Name, NI number, Address, previous addresses, PAYE number, address of employer. All the info is on one page.

They've addressed it to me and got my address, so I'm assuming it's for me because I only moved here two months ago.

Do normal, working people get these forms?


----------



## Monkeygrinder's Organ (Nov 23, 2012)

Malayan Jelutong said:


> Name, NI number, Address, previous addresses, PAYE number, address of employer. All the info is on one page.
> 
> They've addressed it to me and got my address, so I'm assuming it's for me because I only moved here two months ago.
> 
> Do normal, working people get these forms?


 
They've asked for that info or that's the info on the page already that they want you to confirm? If they've asked for NI details that seems a bit suspect to me.

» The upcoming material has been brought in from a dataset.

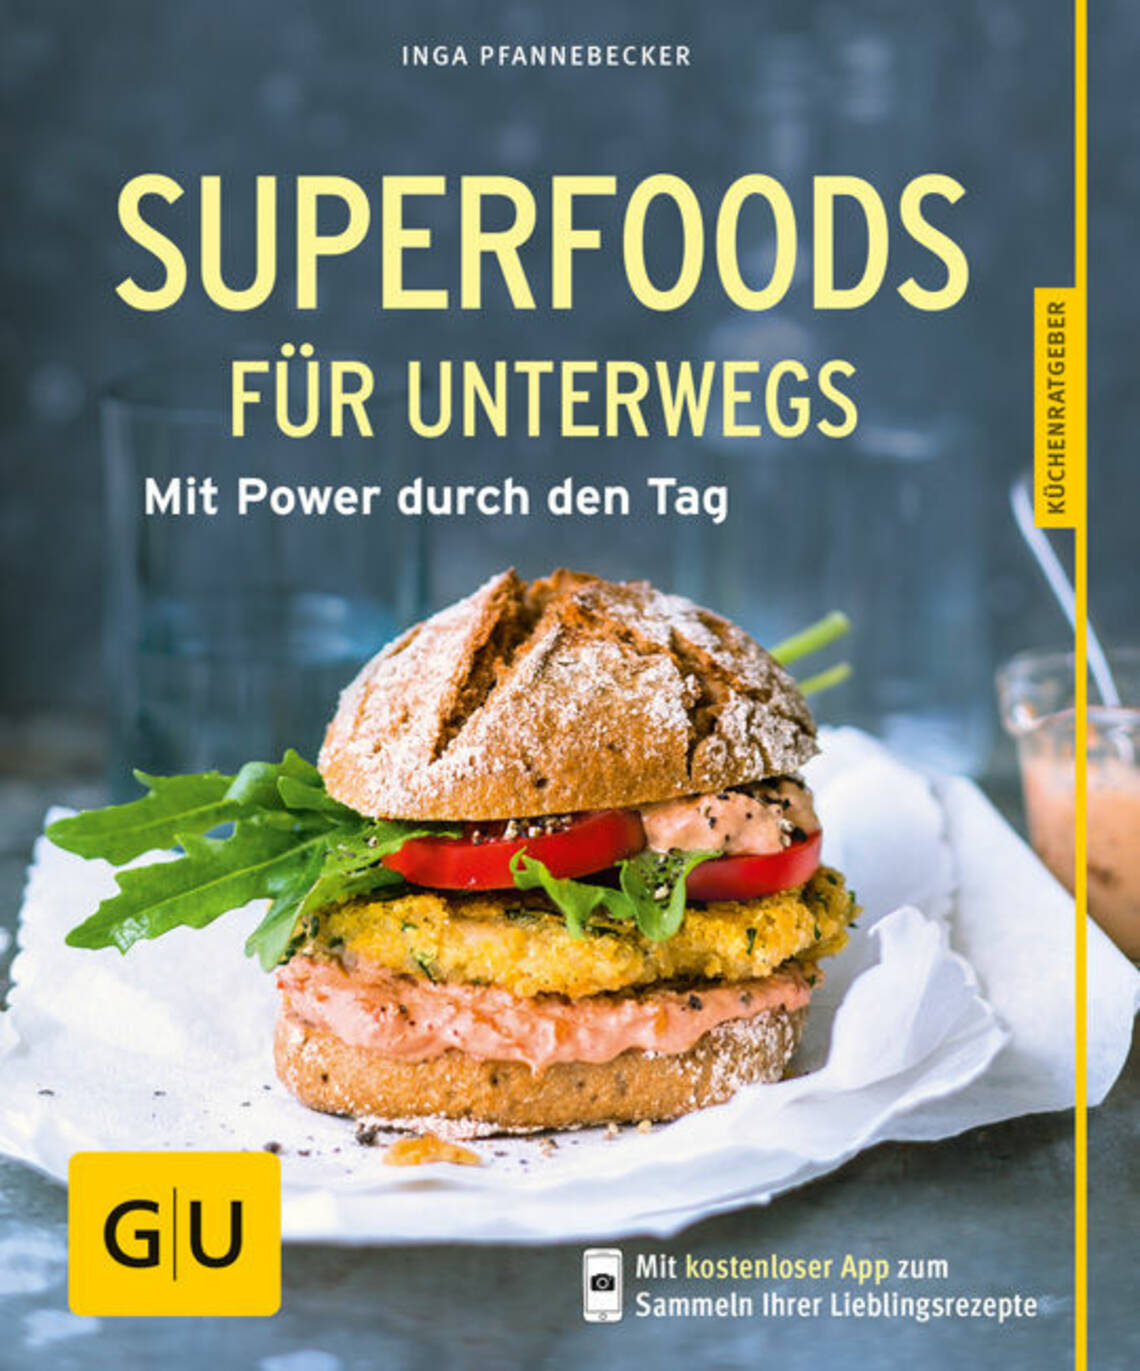 Superfoods für unterwegs von Inga Pfannebecker, Dagmar von Cramm, Inga Pfannebecker, Michael König

I don't know if they're common tbh - I've certainly never had anything like that but that doesn't mean others haven't.


----------



## trashpony (Nov 23, 2012)

I would ring them up and check they actually sent it.


----------



## Mrs Magpie (Nov 23, 2012)

If you are worried that it's a scam, check it out via here.
http://www.hmrc.gov.uk/


----------



## 8115 (Nov 23, 2012)

It's just a letter?

If you're worried it's not genuine, call them up to check.

But, from what you've said, I would assume they're just checking your details. Could be anything, maybe they're doing an audit of details to see how many mistakes they've got, maybe they're trying to process a massive rebate for you (you can always dream), who knows.


----------



## Malayan Jelutong (Nov 23, 2012)

Thanks everyone. I'll give them a call to check. It looks genuine and yes that' the information that they'e asked me to confirm, even though they've addressed me by name and obviously have my address.


----------



## ddraig (Nov 23, 2012)

i got one recently and filled in the info online


----------



## Pingu (Nov 23, 2012)

its probably cis yo have dropped of the radr. no longer getting jsa.. not employed...


----------



## geminisnake (Nov 23, 2012)

What Pingu said. If you're not signing on they want to know what you ARE up to  But I would phone and make sure or respond online if you can.


----------



## Manter (Nov 23, 2012)

Malayan Jelutong said:


> Name, NI number, Address, previous addresses, PAYE number, address of employer. All the info is on one page.
> 
> They've addressed it to me and got my address, so I'm assuming it's for me because I only moved here two months ago.
> 
> Do normal, working people get these forms?


yup, I get those letters.  Don't worry about them- but call them


----------



## porp (Nov 26, 2012)

Hello
If you look at the bottom of the letter, does it have a reference number -perhaps P91?
These kinds of letters get sent to people to ensure that their tax records are up to date and that they have been correctly taxed. If you leave employment or come off benefits mid-year tax allowances may not be correctly given in full.
The fact that they are asking for your NI number is not necessarily 'suspect' -  there are a number of people with both temporary and permanent NI numbers issued to them, and this information can help in those cases to join up unconnected employment records.


----------



## Puddy_Tat (Nov 26, 2012)

porp said:


> If you leave employment or come off benefits mid-year tax allowances may not be correctly given in full.


 
Indeed.  You may be due a tax refund if you left a job in November-ish having been paying tax for half a year.  I take it you don't need to do a tax return?

What address have they asked you to return the letter to?  Have you googled it?

Scams by letter are relatively rare.  E-mails telling you you're entitled to a tax refund and if you just reply with your bank details are invariably bollocks.


----------



## prunus (Nov 29, 2012)

Don't be scared, there's no way it could possibly affect you trying self-employment, HMRC absolutely don't mind what you do as long as you pay them your due tax 

Also, just call the number on the letter, they have invariably been very friendly helpful and understanding whenever I've spoken to them (which is often).

Nothing to worry about.


----------